Os temores ganham força no momento em que a economia nacional ainda patina. No segundo trimestre, o PIB do país avançou 0,4%, conforme dados recentes do Instituto Brasileiro de Geografia e Estatística (IBGE). Apesar de ter afastado o fantasma da recessão técnica, o resultado reforça a leitura de que a reação caminha a passos lentos.
– A economia mundial está desaquecendo. Em outras crises vividas pelo país, o setor externo ajudou de alguma forma, com alta nas exportações. A situação agora é contrária. O cenário internacional deve atrapalhar – afirma o economista Nelson Marconi, professor da Fundação Getulio Vargas (FGV).

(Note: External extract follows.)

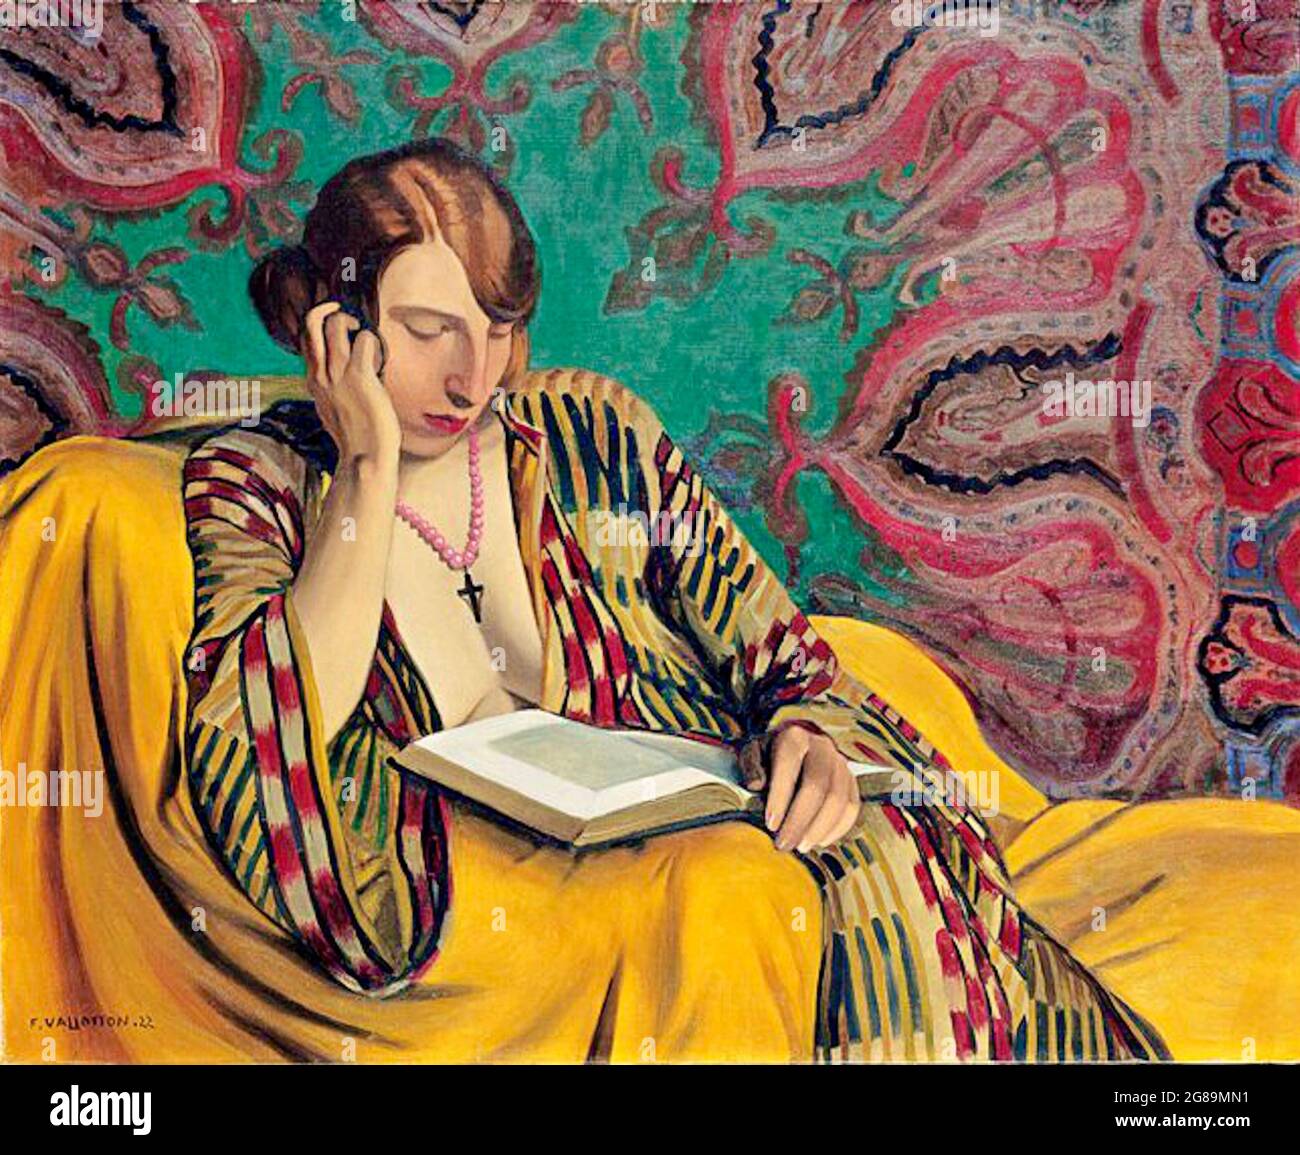 Oeuvre de Félix Vallotton intitulée la Liseuse ou lampe de lecture. Une femme assise lit un livre. Le papier peint de style mandala orné orne les murs. Banque D'Images

De janeiro a julho, as exportações brasileiras caíram 4,7% frente a igual período do ano passado, para US$ 130 bilhões, segundo o Ministério da Economia. No mercado financeiro, os riscos globais contribuíram para levar a taxa de câmbio a estourar a barreira dos R$ 4. Para tentar conter a disparada, o Banco Central (BC) vendeu à vista dólares de reservas internacionais. Foi a primeira vez que a instituição recorreu à medida desde 2009. Nesta sexta-feira (30), a moeda americana teve baixa de 0,71%, para R$ 4,142 – em agosto, acumulou alta de 8,5%.
Em meio ao calor da turbulência, investidores chegaram a apontar risco de recessão global a partir do próximo ano ou de 2021 – ou seja, o PIB mundial passaria a cair. Gerente-executivo de política econômica da Confederação Nacional da Indústria (CNI), Flávio Castelo Branco diz ainda não ver essa ameaça, apesar da perda de fôlego nos últimos meses. Em julho, o Fundo Monetário Internacional (FMI) cortou sua projeção de crescimento do PIB global em 2019 de 3,3% para 3,2%. Para 2020, passou de 3,6% para 3,5%.
– As duas locomotivas mundiais, Estados Unidos e China, estão em conflito, mas não vejo, agora, risco de recessão global. Há desaceleração do crescimento. Isso vai trazer dificuldades – observa Castelo Branco.
Além da tensão provocada pela guerra comercial entre americanos e asiáticos, o desempenho frustrante de países da Europa também aumenta a onda de preocupação. Dona da maior economia do continente, a Alemanha flerta com o risco de recessão técnica.
Crise nos vizinhos
Na América Latina, a Argentina é nocauteada por emaranhado de dificuldades às vésperas das eleições presidenciais. Desde o ano passado, a crise vizinha traz impactos para o lado de cá da fronteira, já que o país de Mauricio Macri é o terceiro principal destino das exportações brasileiras – especialmente de produtos industrializados, como automóveis e peças. De janeiro a julho, os embarques ao mercado argentino caíram 40%, ficando em US$ 5,9 bilhões.
– A desaceleração global e a crise na Argentina são complicadores adicionais para o Brasil. Mas os principais problemas brasileiros são internos, como o baixo nível de investimentos e de produtividade – analisa Castelo Branco.
O Brasil vende, principalmente, mercadorias da agropecuária no mercado internacional. Mesmo com a queda de 19,1%, a soja seguiu como o produto mais exportado de janeiro a julho, com embarques de US$ 18,2 bilhões.
– Quem está mais preocupado agora com o cenário internacional é a indústria, por causa da Argentina. Em caso de uma grande crise global, todos os setores exportadores seriam atingidos, e não um produto específico – menciona o economista Felippe Serigati, pesquisador do Centro de Agronegócios da FGV (GV Agro).
Para completar, o debate em torno das queimadas na Amazônia provocou atritos entre o governo Jair Bolsonaro e países europeus. Eventuais riscos ao andamento do acordo comercial entre Mercosul e União Europeia preocupam setores como o agronegócio.